## To do
The whole listing below must be printed again exactly, images excluded.

## Recorded data
━━━━

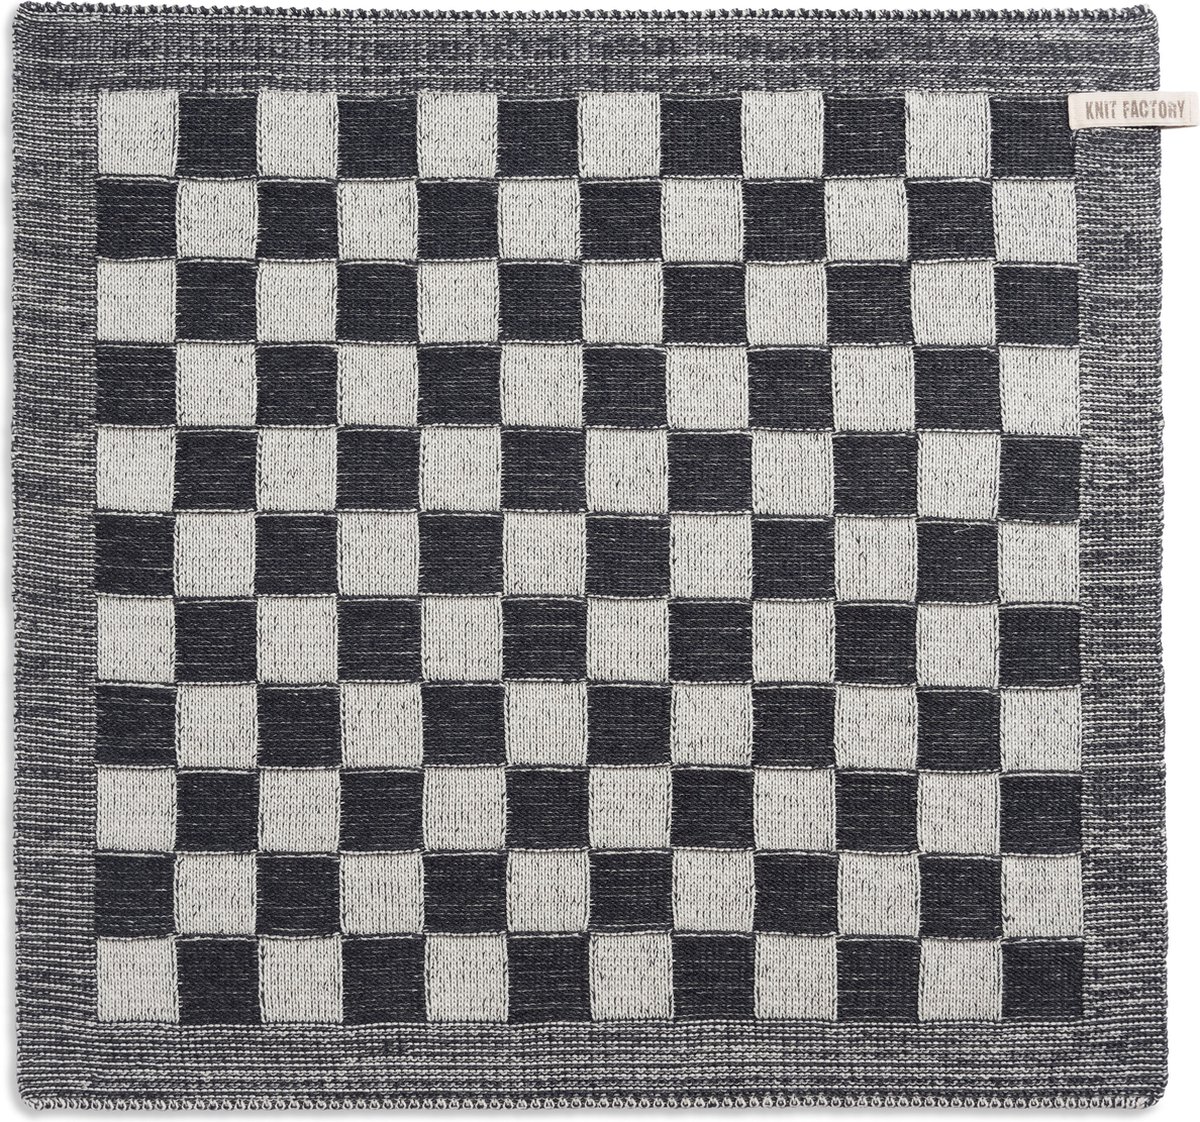 Knit Factory Gebreide Keukendoek - Keukenhanddoek Block - Geblokt motief - Handdoek - Vaatdoek - Keuken doek - Ecru/Antraciet - Traditionele look - 50x50 cm
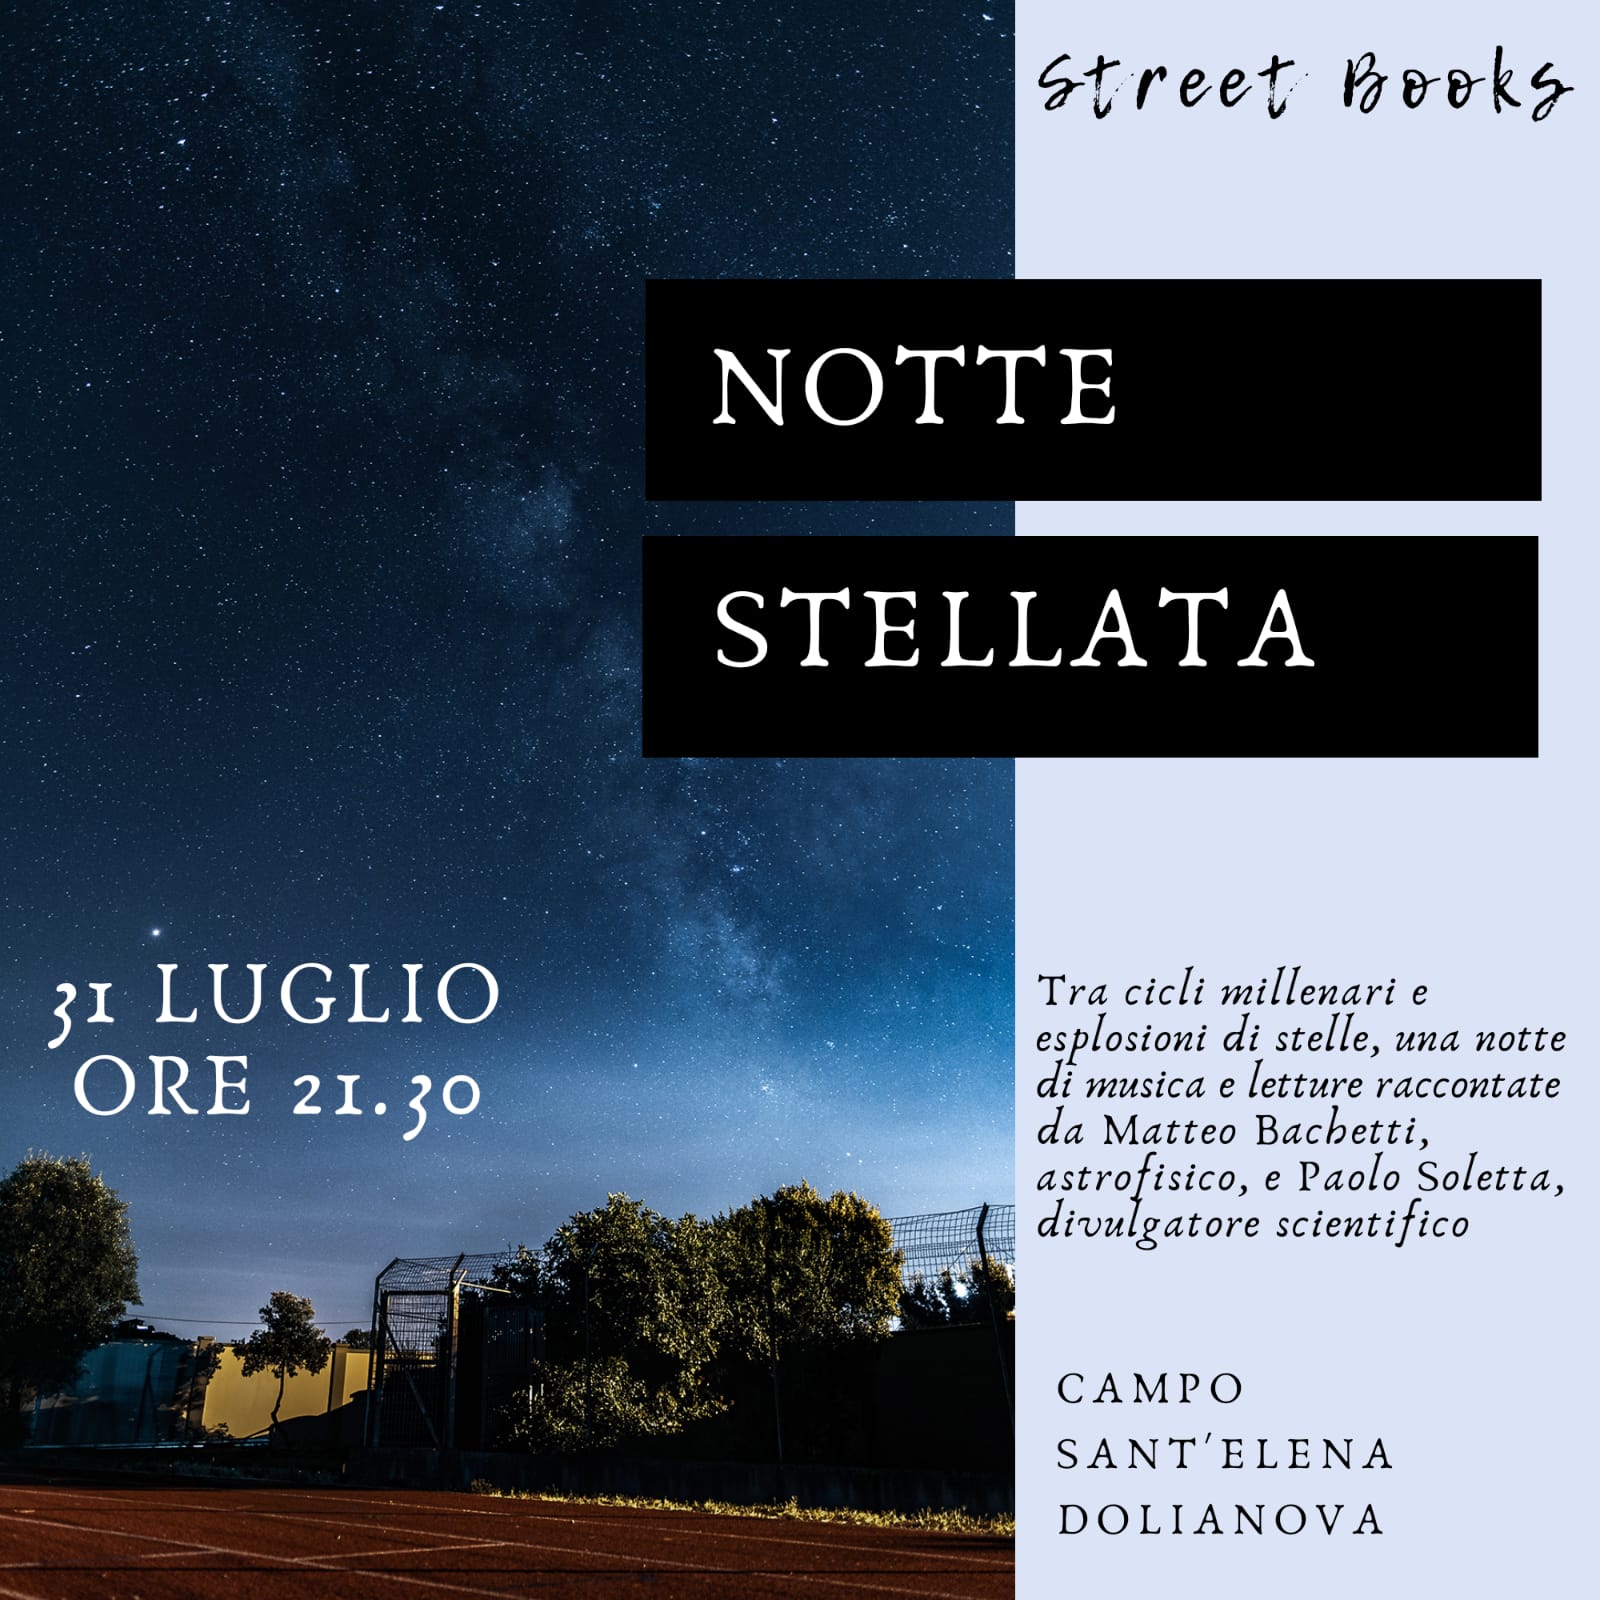 Street Books presenta: NOTTE STELLATA 31 luglio ore 21.30 Campo Sant'Elena - Dolianova
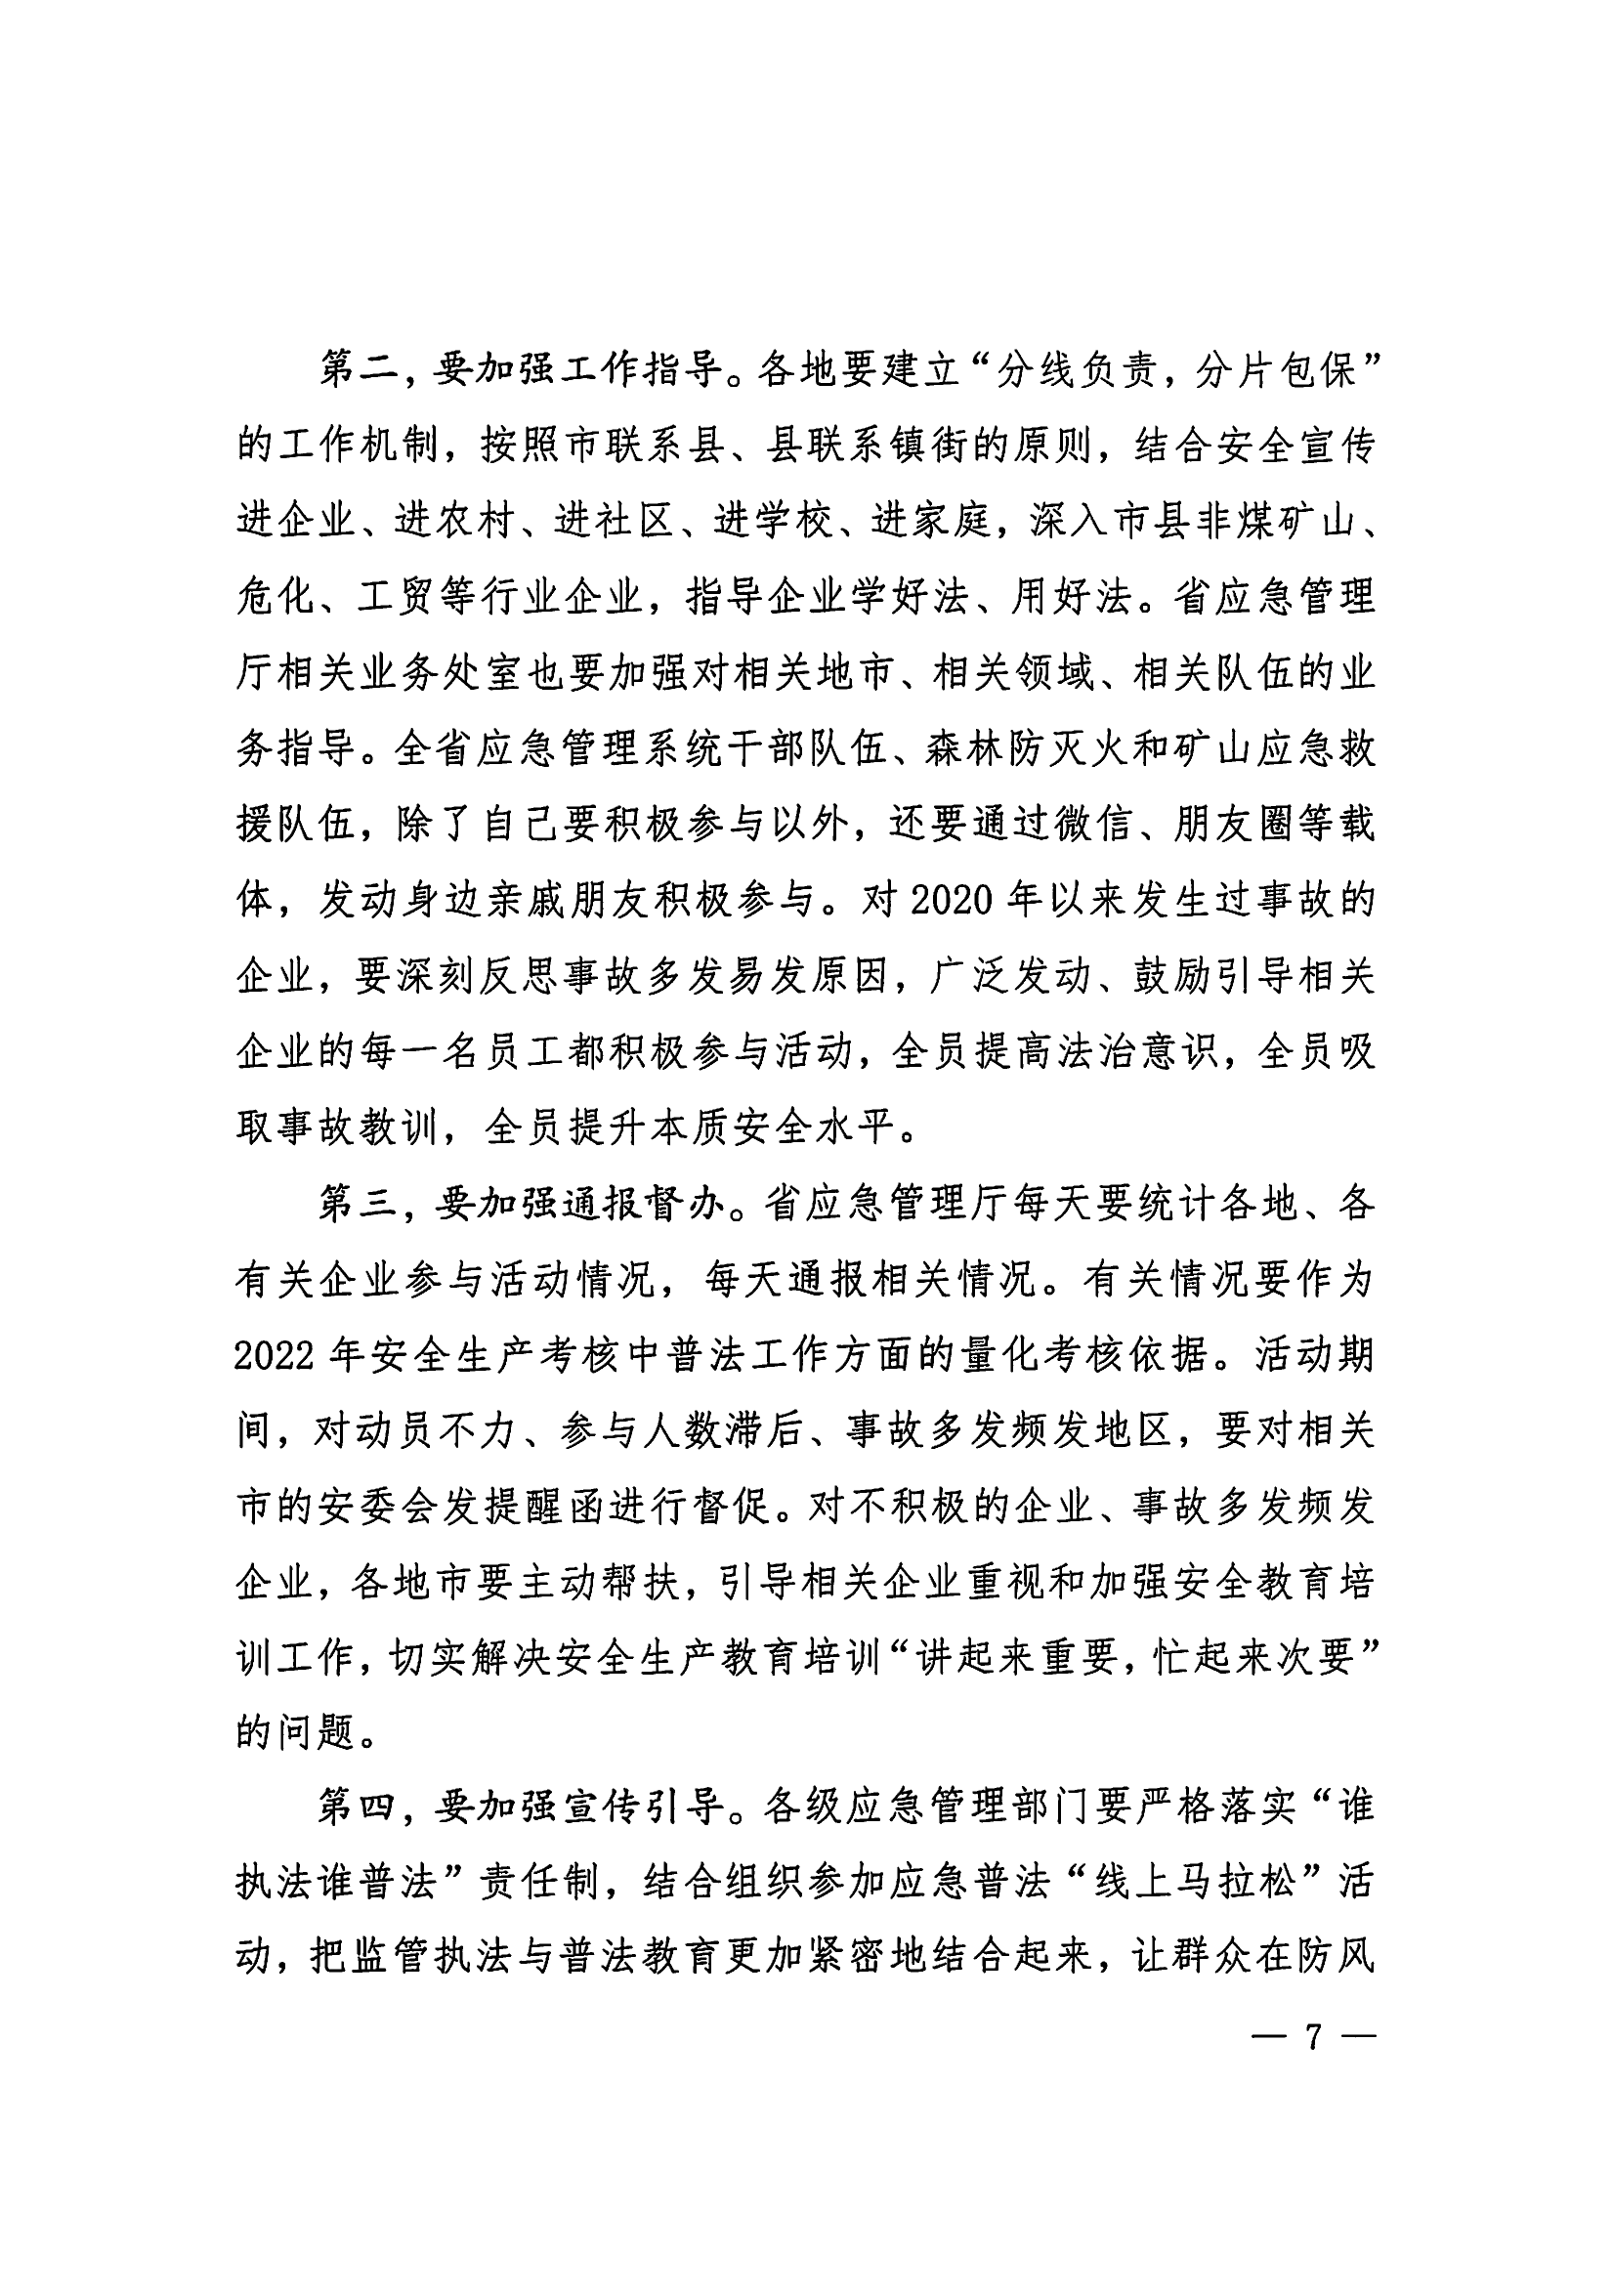 惠州市安全生产委员会办公室转发关于进一步组织开展好广东应急普法“线上马拉松”活动的通知_08.png

━━━━

## Result of this exercise
 Knit Factory Gebreide Keukendoek - Keukenhanddoek Block - Geblokt motief - Handdoek - Vaatdoek - Keuken doek - Ecru/Antraciet - Traditionele look - 50x50 cm
 Street Books presenta: NOTTE STELLATA 31 luglio ore 21.30 Campo Sant'Elena - Dolianova
 惠州市安全生产委员会办公室转发关于进一步组织开展好广东应急普法“线上马拉松”活动的通知_08.png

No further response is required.